Take the listing below and output it exactly, with no images.

- Recorded information
□ □ □

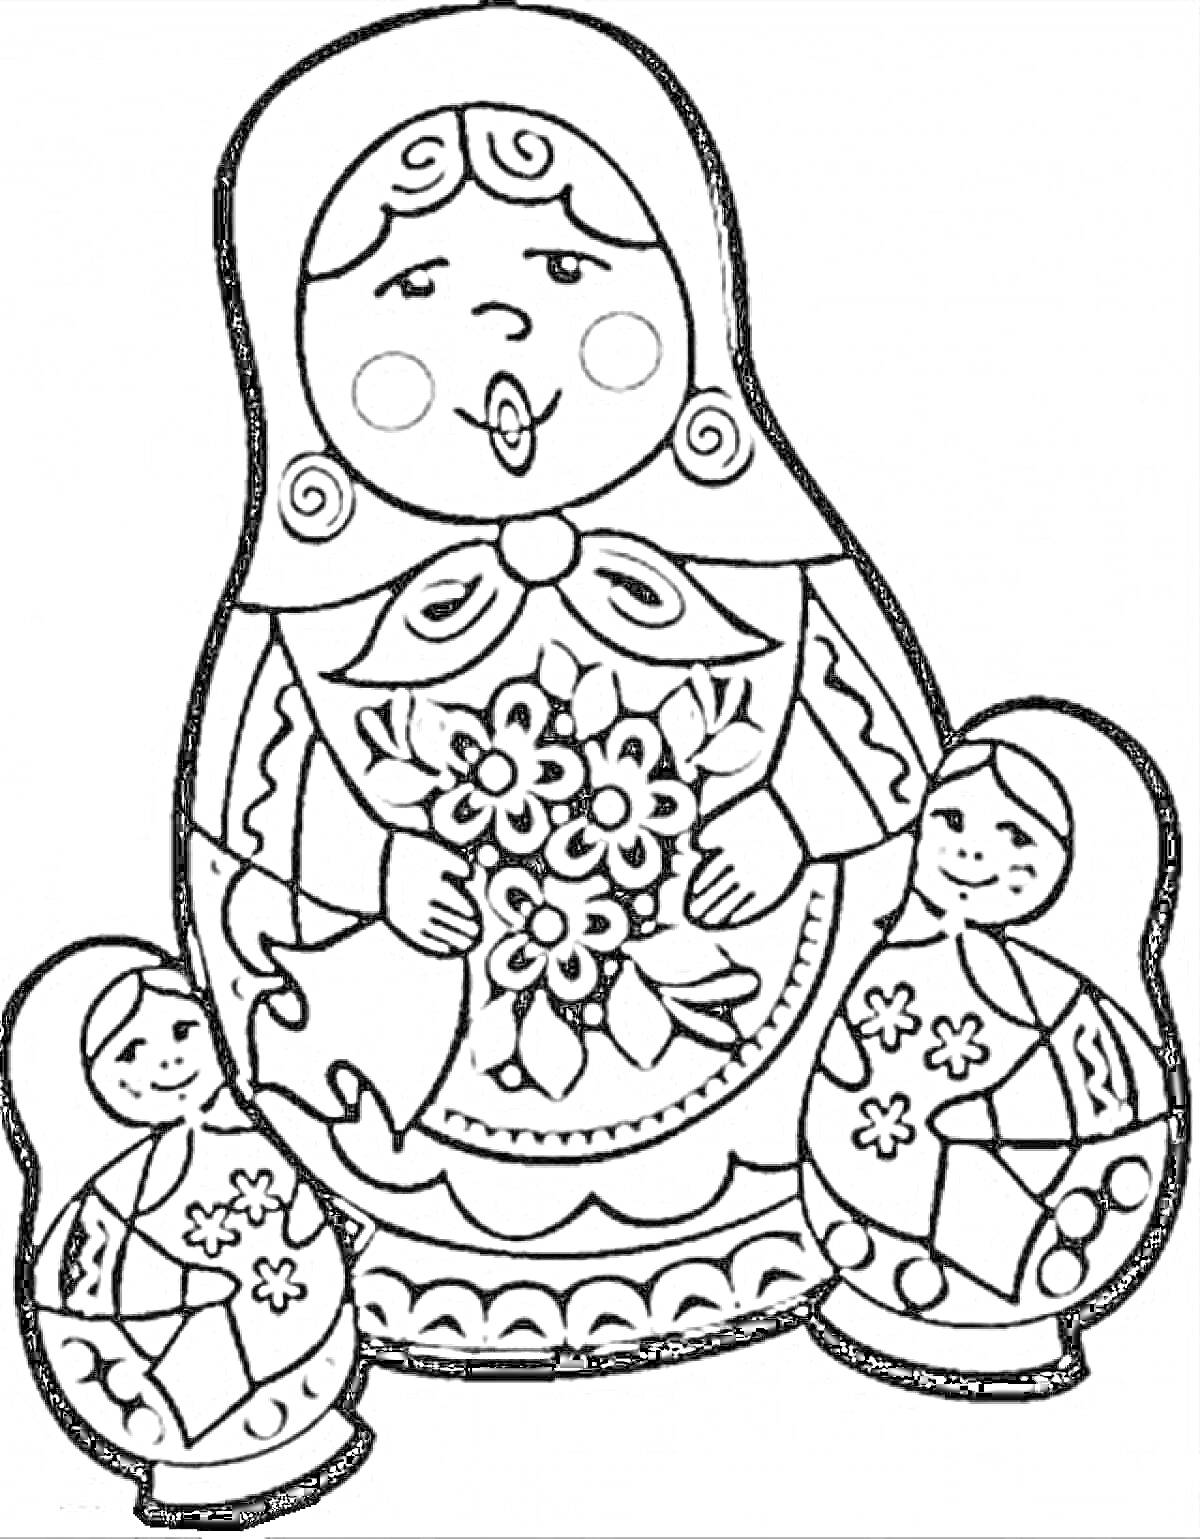 Раскраска Матрешка с двумя маленькими матрешками, держащая букет цветов
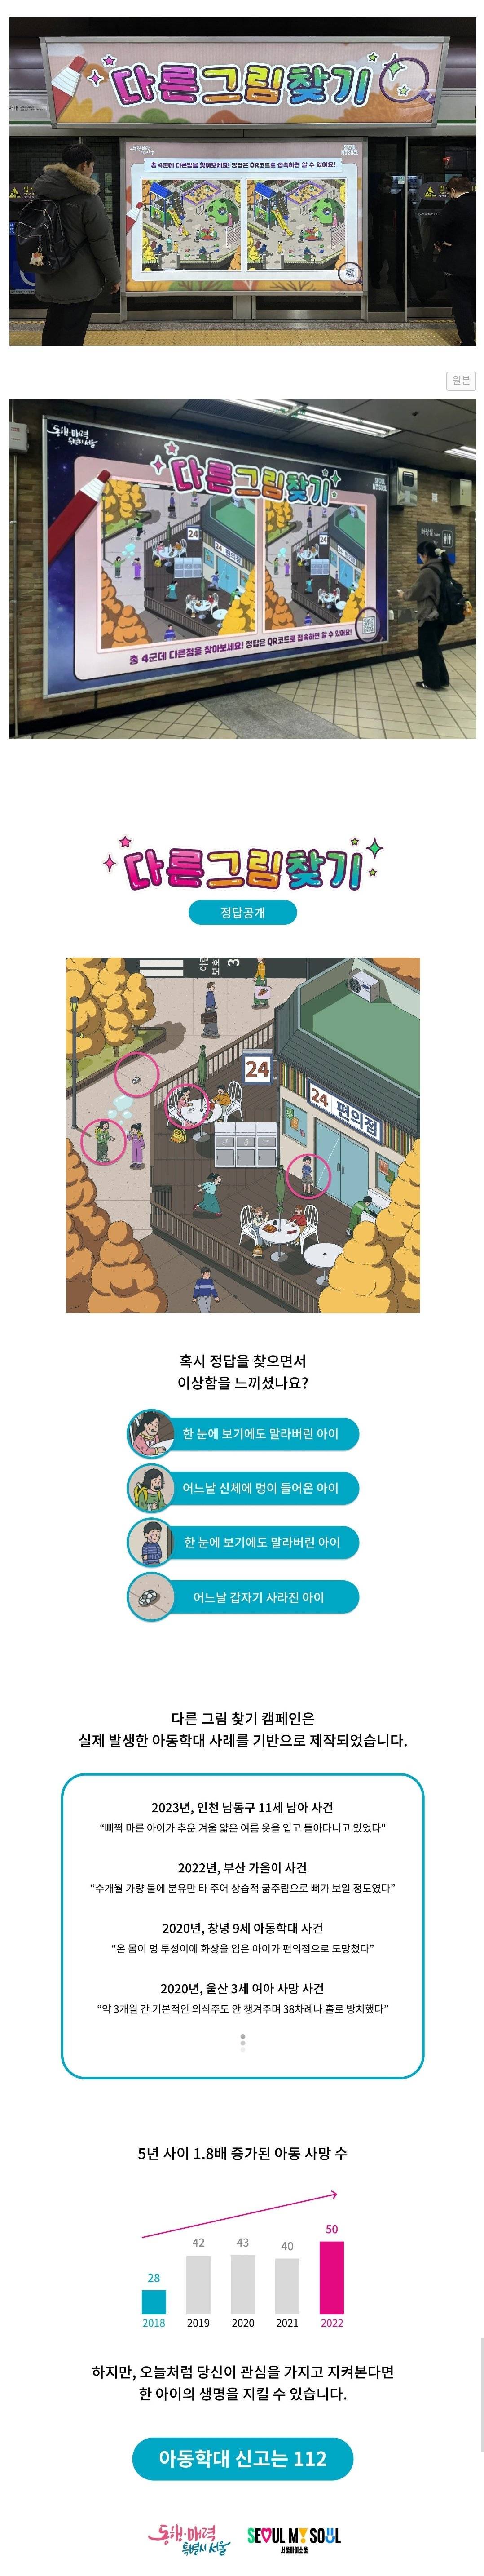 최근 서울시가 내놓은 소름 돋는 광고 게임 | 인스티즈
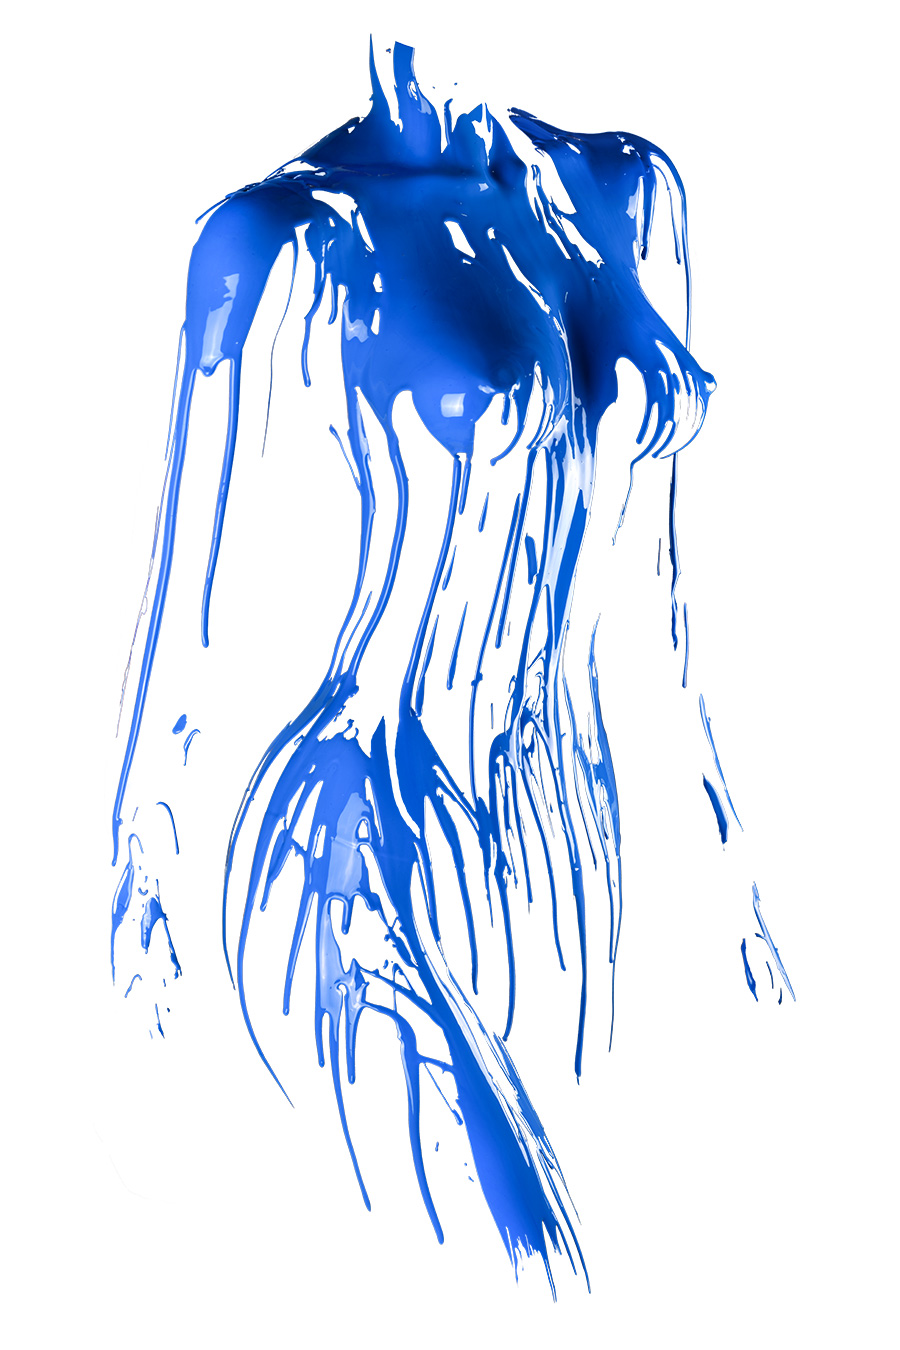 Silhouette - abstrake erotische Fotokunst Frau weiblich Farben blau weiß Wandbild Kunstdruck Galerie Ausstellung

□ □ □

- Solution to the problem
 Раскраска Матрешка с двумя маленькими матрешками, держащая букет цветов
 최근 서울시가 내놓은 소름 돋는 광고 게임 | 인스티즈
 Silhouette - abstrake erotische Fotokunst Frau weiblich Farben blau weiß Wandbild Kunstdruck Galerie Ausstellung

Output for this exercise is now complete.